Looking out of my kitchen windows I can currently see that the leaves from my beautiful Maple and Pecan trees are starting to fall. The hot, humid days of summer are giving way to crisp, cool, throw-an-extra-blanket-on-the-bed nights days. And this change could not come soon enough for me!
But with all this splendorous natural beauty comes the Fall allergy season. A time of year that often leaves me running for kleenex more often than not! And if you’re anything like me, you may feel like your allergies are starting sooner this year, it’s because they are.
Because of climate change, and the resulting higher temperatures and increasing carbon dioxide, allows pollen-producing plants to live longer and to produce more and more mega-potent pollen. And this year, the American Academy of Allergy, Asthma & Immunology announced that the season will extend through November, rather than ending in September, as in years past.
At home, I have started on a new natural allergy-fighting path and have found that there in fact foods you eat that can help stifle your sniffling, watery eyes, and general malaise, including my favorite Fall Soup, Sweet Potato Soup with Thyme.
So, why sweet potatoes? This seasonal favorite is one of nature’s top edible antihistamines, contains large amounts of soluble Vitamin C and are rich in Omega-3 fatty acids that help reduce allergy symptoms. Beyond this, sweet potatoes are rich in quercetin, a powerful flavonoid sometimes called bioflavonoid. And diets rich in flavonoids can help reduce or eliminate your need for antihistamine medication. For maximum effect, sweet potatoes should be consumed throughout the year or at least begin two months before your symptoms typically flare up each Fall.
Sweet potatoes are also rich in carotenoids. A naturally occurring pigment, largely responsible for the red, orange and yellow color of various vegetables and fruits, including sweet potatoes. A study from the Institute of Epidemiology in Germany found that people with high blood levels of carotenoids were at lower risk for allergic rhinitis.
In addition to sweet potatoes, this soup utilizes the natural healing properties of thyme. This ancient herb is known for its ability in treating congestion and can help ease sore throats. Thyme is also useful for helping to clear stuffy noses, coughing, reducing the effects of sinus infections, hay fever symptoms, and allergy-induced headaches as well.
So it goes without saying that there is a lot of allergy-fighting action going on in this little bowl of soup. With this in mind, here’s how I make this awesome allergy-fighting soup:
- 1 Tbsp olive oil
- 2 medium yellow onions, chopped
- 3 large sweet potatoes, peeled and chopped
- 1/2 inch piece fresh ginger, peeled and finely chopped
- 6 cups low-sodium vegetable broth
- 1 teaspoon Fresh thyme (dried can be substituted as needed)

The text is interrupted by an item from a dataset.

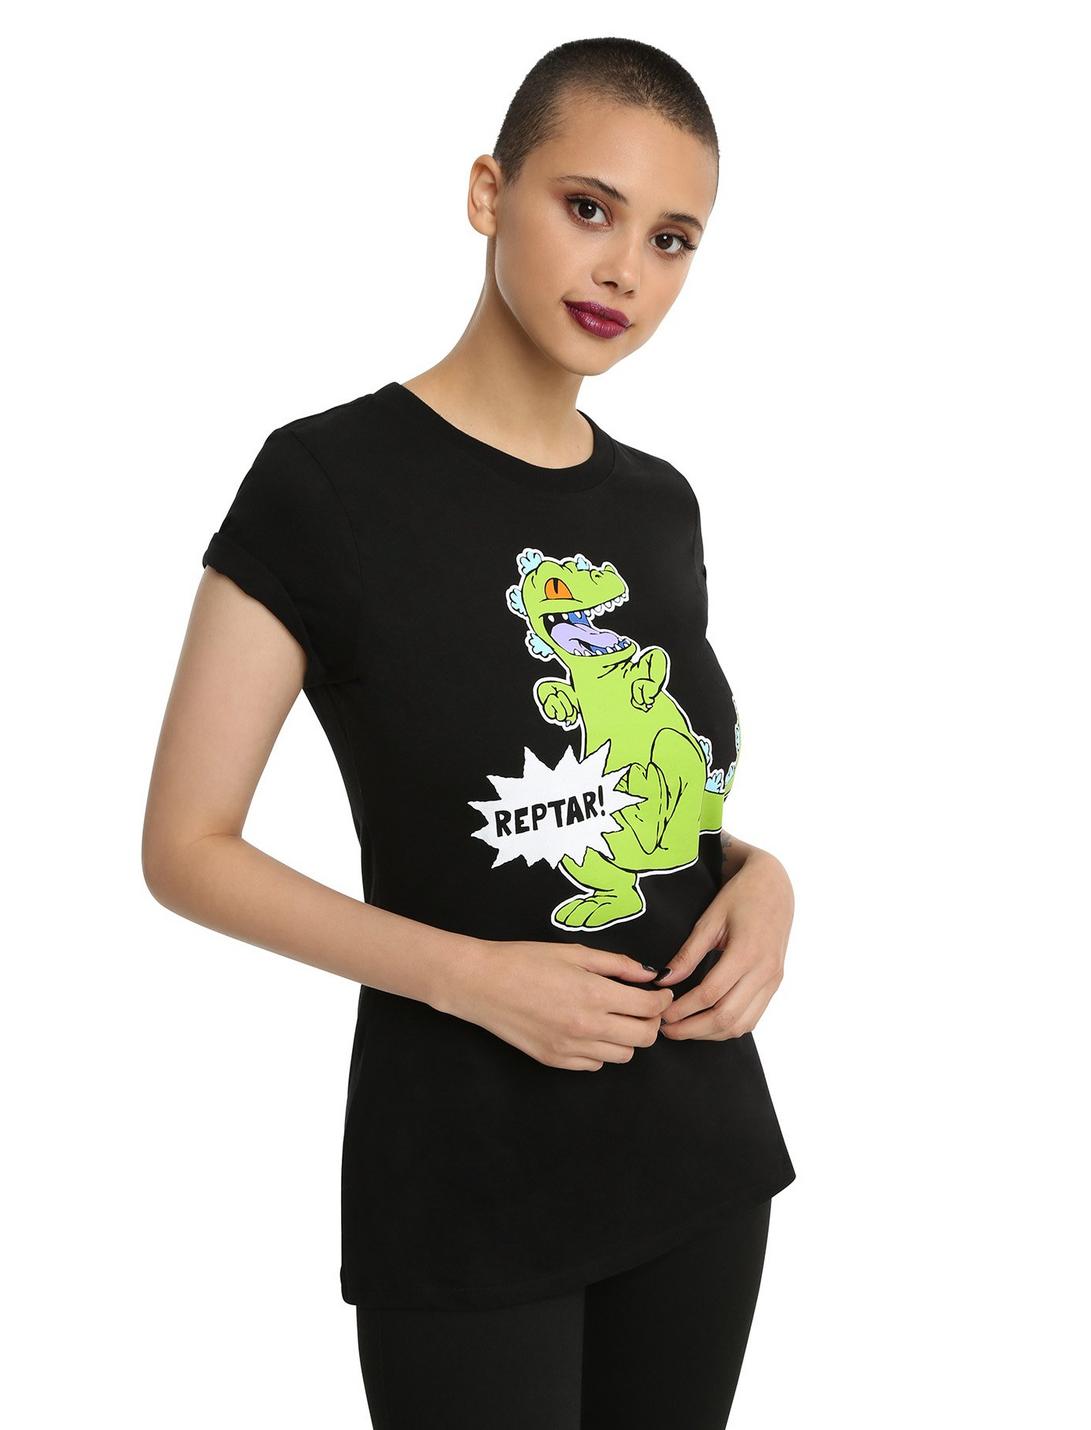 Rugrats Reptar Girls T-Shirt, BLACK, hi-res

- Salt and pepper, to taste
- In a medium saucepan, heat oil over medium heat.
- Next, add onions to your oil, and sauté until golden and translucent.
- Now, pour in the broth and bring to boil over medium-high heat; 2-4 minutes.
- Add sweet potatoes and ginger.
- Be sure to reduce your pans heat to medium-low.
- Simmer this blend until your sweet potatoes are easily pierced with a fork (about 20 to 25 minutes).
- Purée soup in a blender or immersible hand blender, and blend until smooth.
- Season with salt and pepper to taste.
- Top with fresh thyme and serve hot.